Task to carry out: Beginning with the line that holds "LKW Spielzeugauto mit" in the data below, give again every line through the one that holds "Kamel und Affe von Camel", exactly as written.

Records to use:
========

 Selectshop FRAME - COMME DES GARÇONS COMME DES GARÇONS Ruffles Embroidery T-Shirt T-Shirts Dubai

========

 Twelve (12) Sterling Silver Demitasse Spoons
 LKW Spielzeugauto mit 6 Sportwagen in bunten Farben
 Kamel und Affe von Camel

========

Task response:
 LKW Spielzeugauto mit 6 Sportwagen in bunten Farben
 Kamel und Affe von Camel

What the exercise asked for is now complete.